Spotlight on Advanced Metering Infrastructure

The AMI case book includes six case studies providing qualitative insights into the potential costs and benefits of advanced metering infrastructure (AMI), and the associated business cases for investment.

Each case presented has its own unique set of characteristics and drivers, which is indicative of the diverse range of motivating drivers for smart grid and AMI globally.

The lessons learned and best practices presented in the six case studies included in this case book provide qualitative insights into the potential costs and benefits of advanced metering infrastructure (AMI), and the associated business cases for investment. Each case presented has its own unique set of characteristics and drivers, which is indicative of the diverse range of motivating drivers for smart grid and AMI globally. It follows then that the specific costs, benefits and business cases vary from case to case. Still. there are a number of best practices and common themes emerging from these cases that are likely to be useful for any jurisdiction investigating or deploying AMI.Those common best practices and insights are presented here.

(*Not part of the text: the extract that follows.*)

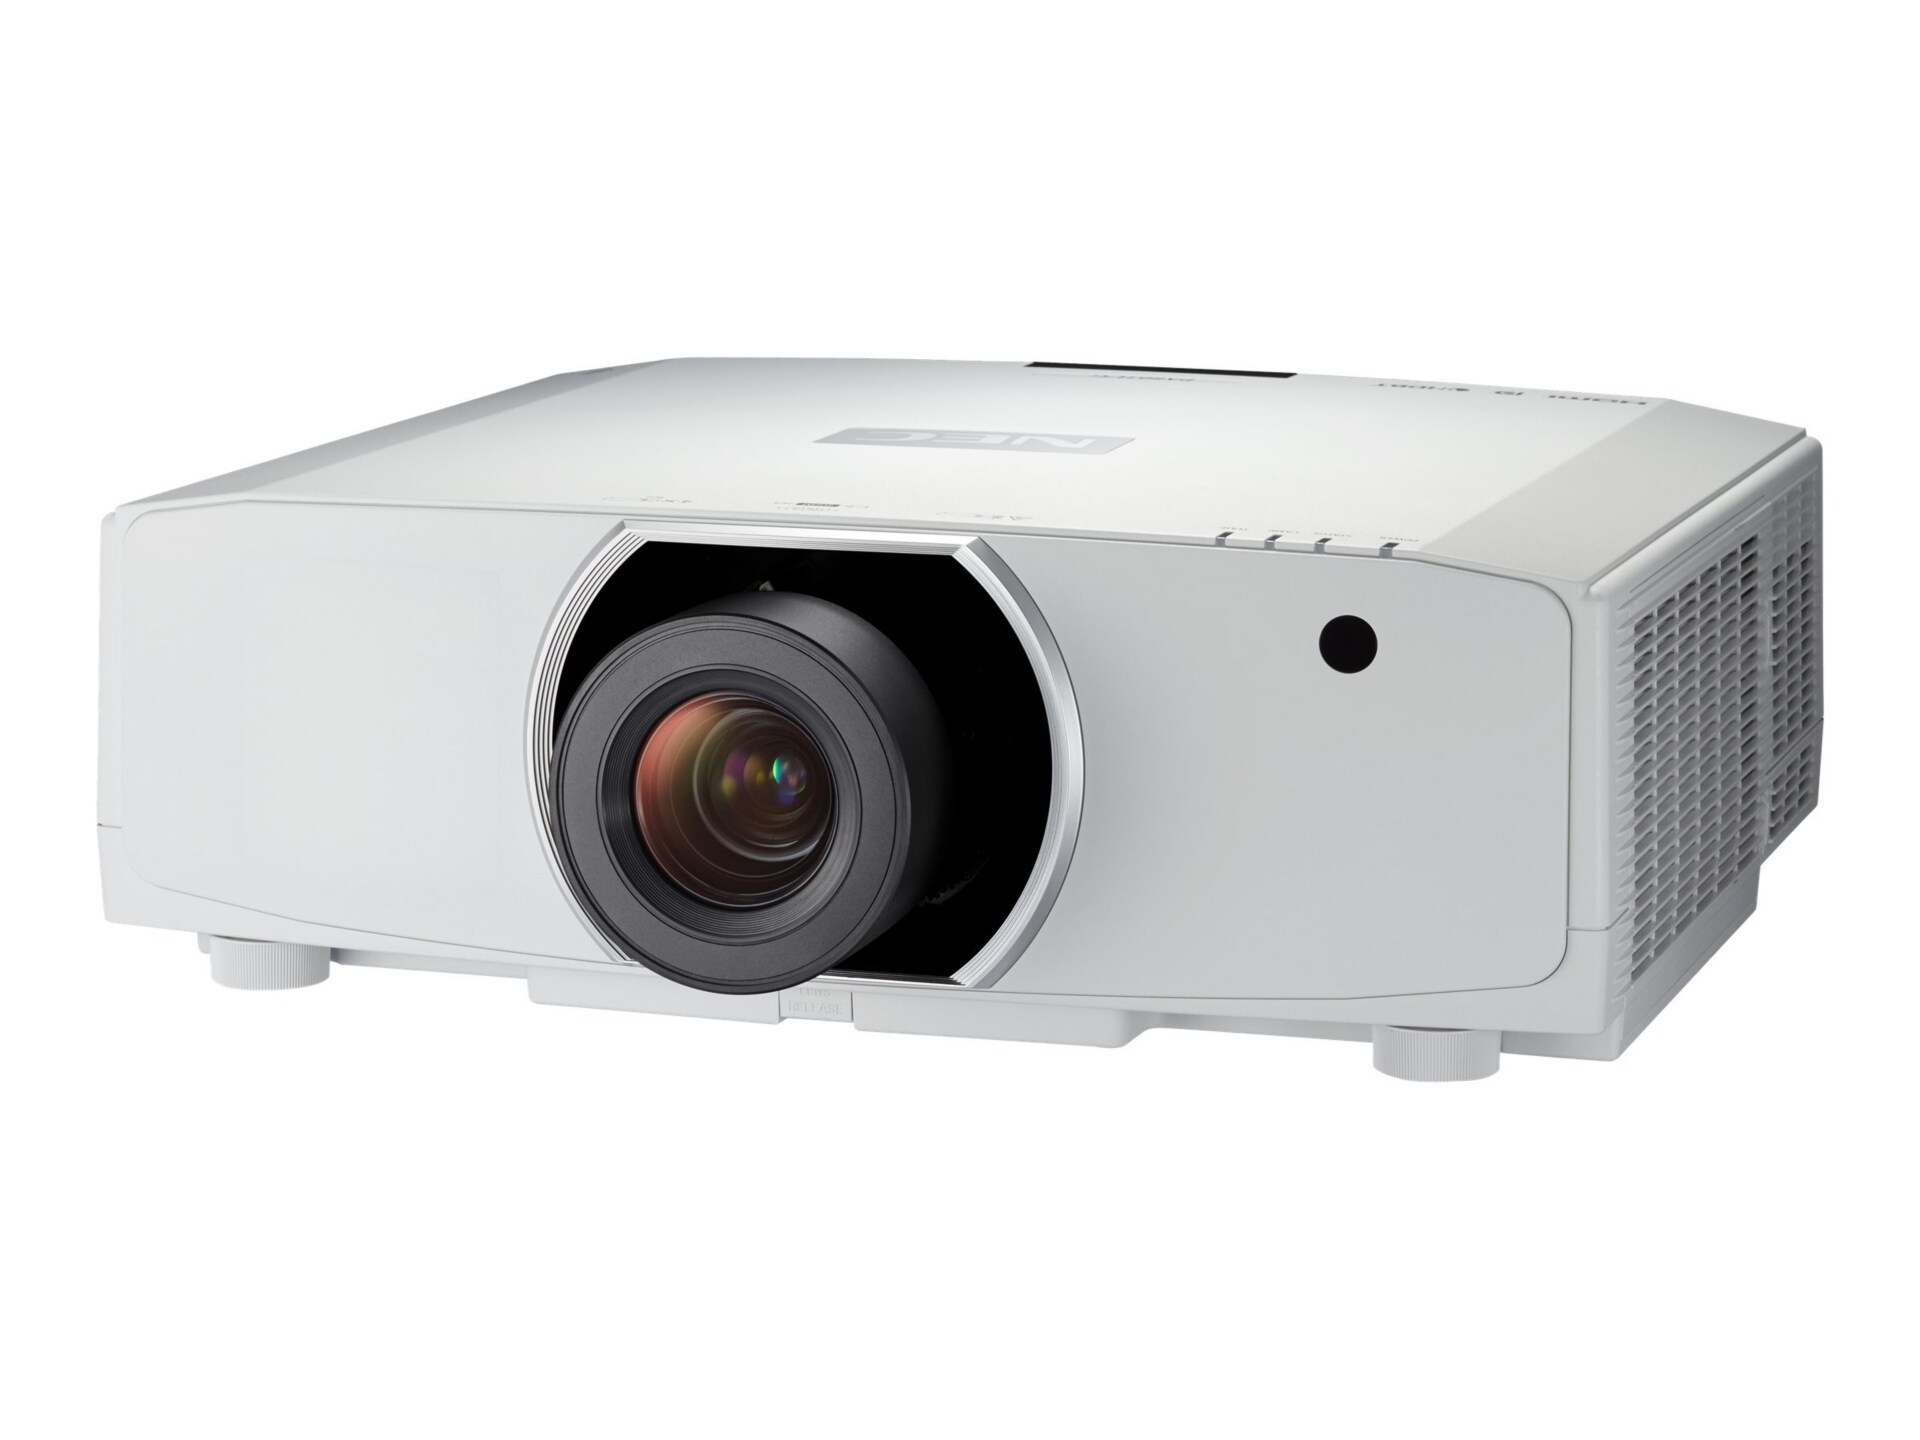 NEC NP-PA903X - LCD projector - no lens - 3D

It should be noted that these six cases represent only a portion of global experience in considering and deploying AMI. In addition, AMI is only one system of technologies among a broad menu of options that can constitute a “smart grid.” Some countries consider an AMI a prerequisite for their smart grid, while others have dismissed the importance of AMI to grid modernization. Additional cases have been solicited or are under development that will enlarge global understanding of the role AMI can play as one possible component of smarter electricity networks worldwide.